The E-Coli Test for AI Alignment
Let’s say you have an idea in mind for how to align an AI with human values.
Go prep a slide with some e-coli, put it under a microscope, and zoom in until you can see four or five cells. Your mission: satisfy the values of those particular e-coli. In particular, walk through whatever method you have in mind for AI alignment. You get to play the role of the AI; with your sophisticated brain, massive computing power, and large-scale resources, hopefully you can satisfy the values of a few simple e-coli cells.
Perhaps you say “this is simple, they just want to maximize reproduction rate.” Ah, but that’s not quite right. That’s optimizing for the goals of the process of evolution, not optimizing for the goals of the godshatter itself. The e-coli has some frozen-in values which have evolved to approximate evolutionary fitness maximization in some environments; your job is optimize for the frozen-in approximation, even in new environments. After all, we don’t want a strong AI optimizing for the reproductive fitness of humans—we want it optimizing for humans’ own values.
On the other hand, perhaps you say “these cells don’t have any consistent values, they’re just executing a few simple hardcoded algorithms.” Well, you know what else doesn’t have consistent values? Humans. Better be able to deal with that somehow.

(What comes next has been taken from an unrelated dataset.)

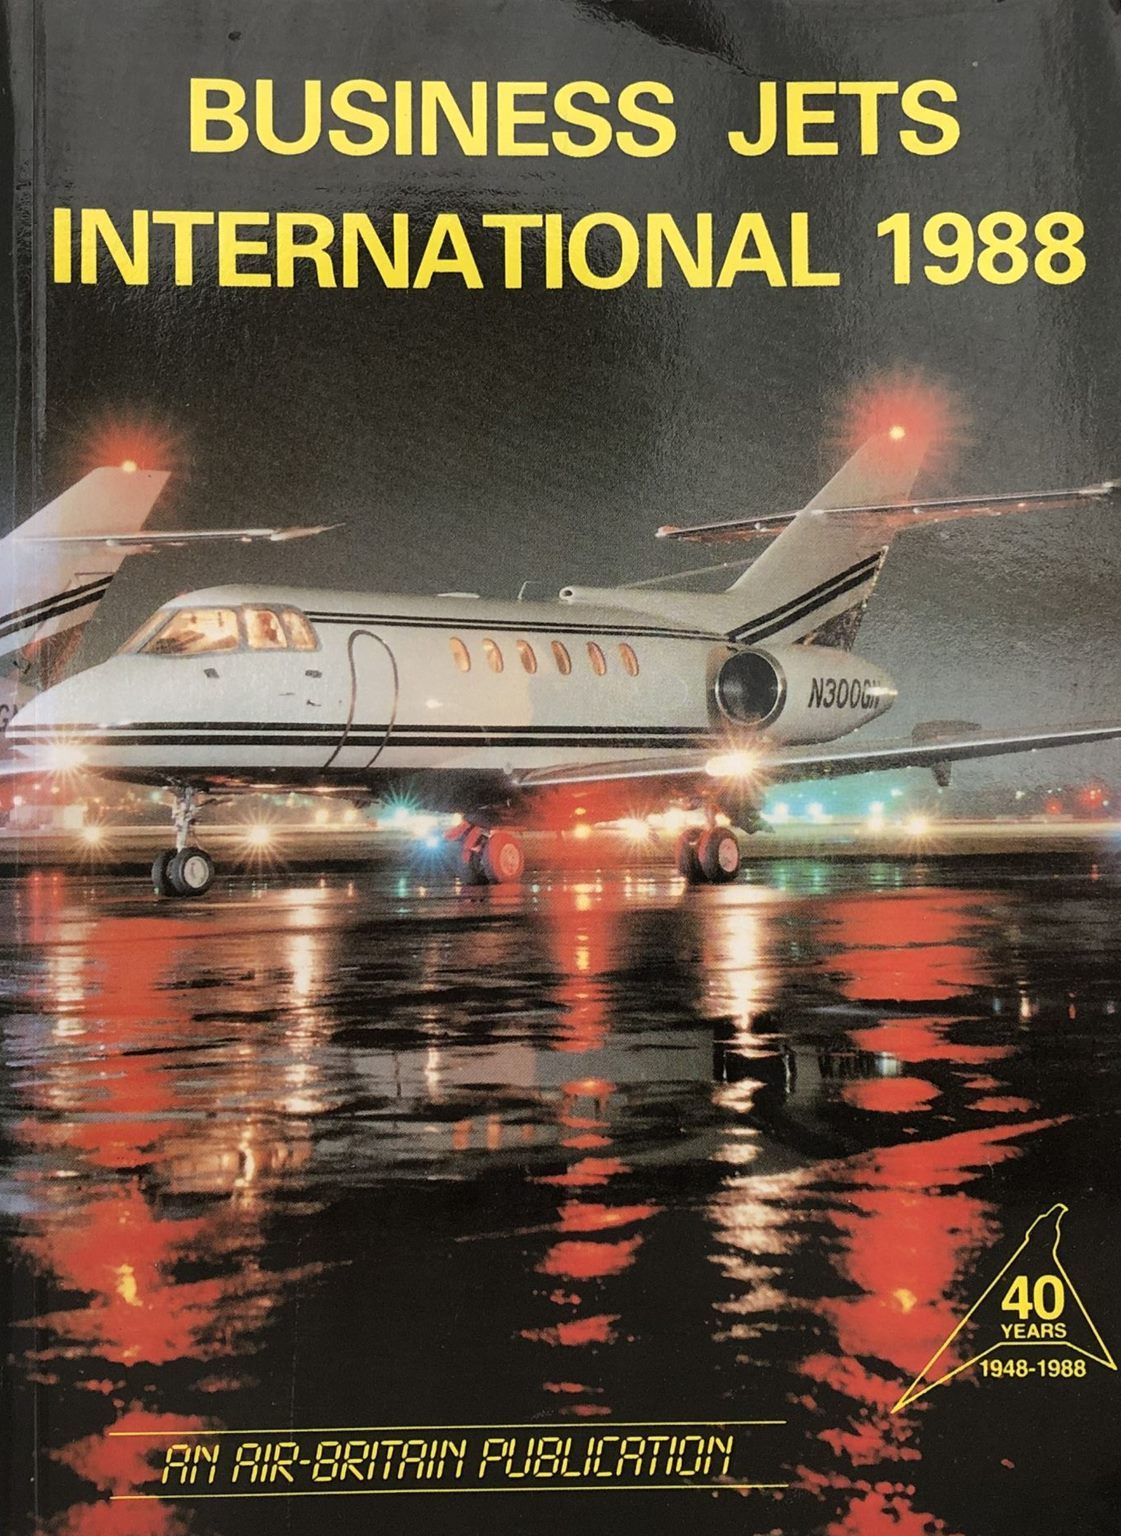 BUSINESS JETS INTERNATIONAL 1988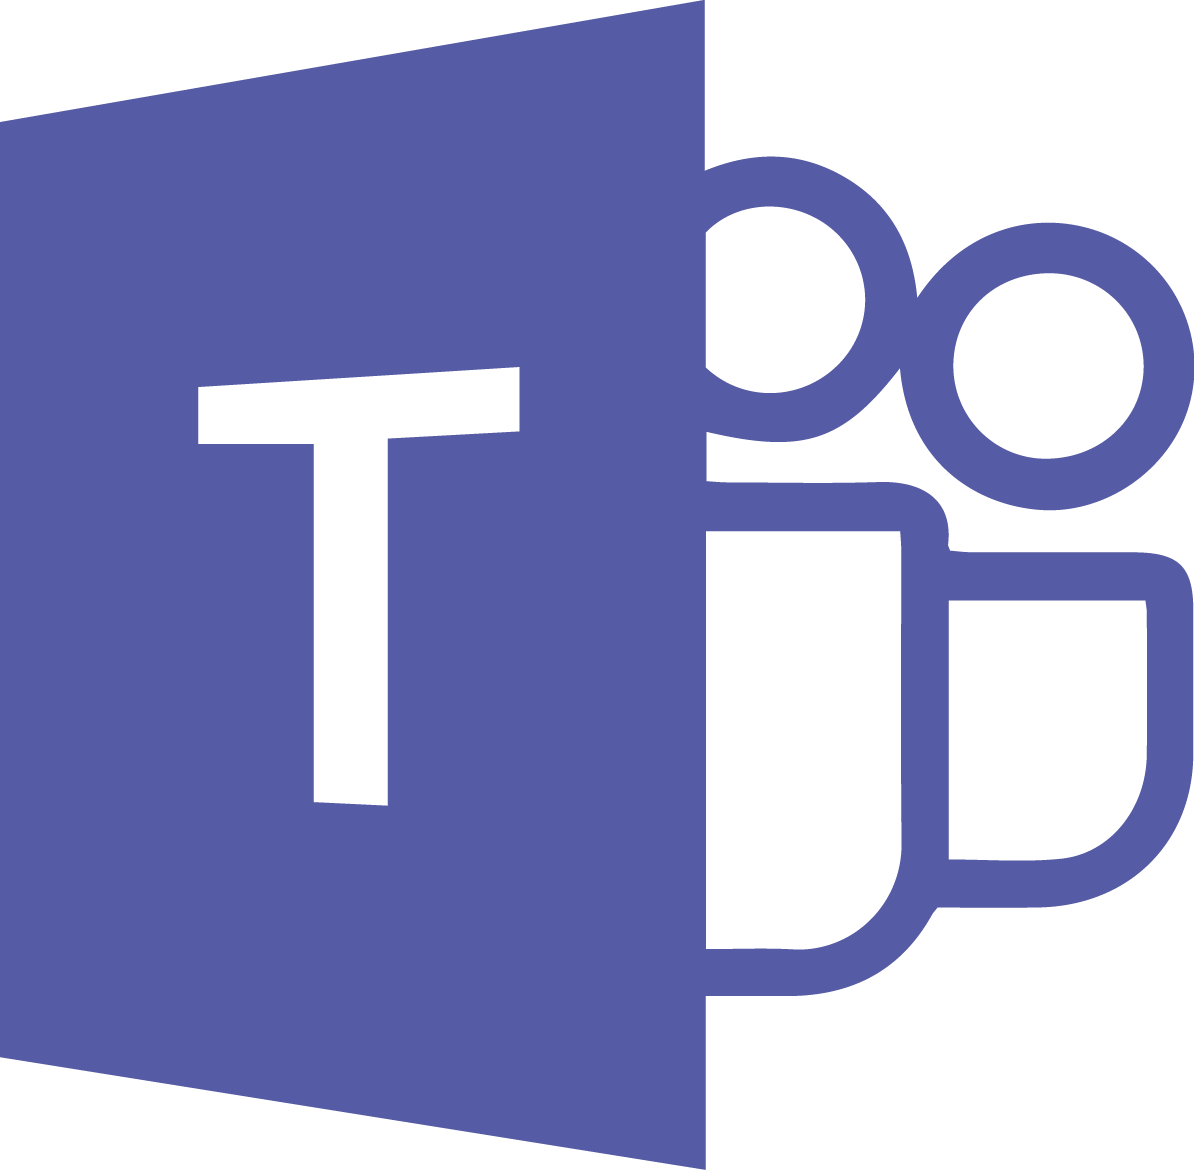 Microsoft Teams Microsoft Teams Logo Vector 1194x1170 Png Clipart Download

Perhaps you say “these cells are too simple, they can’t learn/reflect/etc.” Well, chances are humans will have the same issue once the computational burden gets large enough.
This is the problem of AI alignment: we need to both define and optimize for the values of things with limited computational resources and inconsistent values. To see the problem from the AI’s point of view, look through a microscope.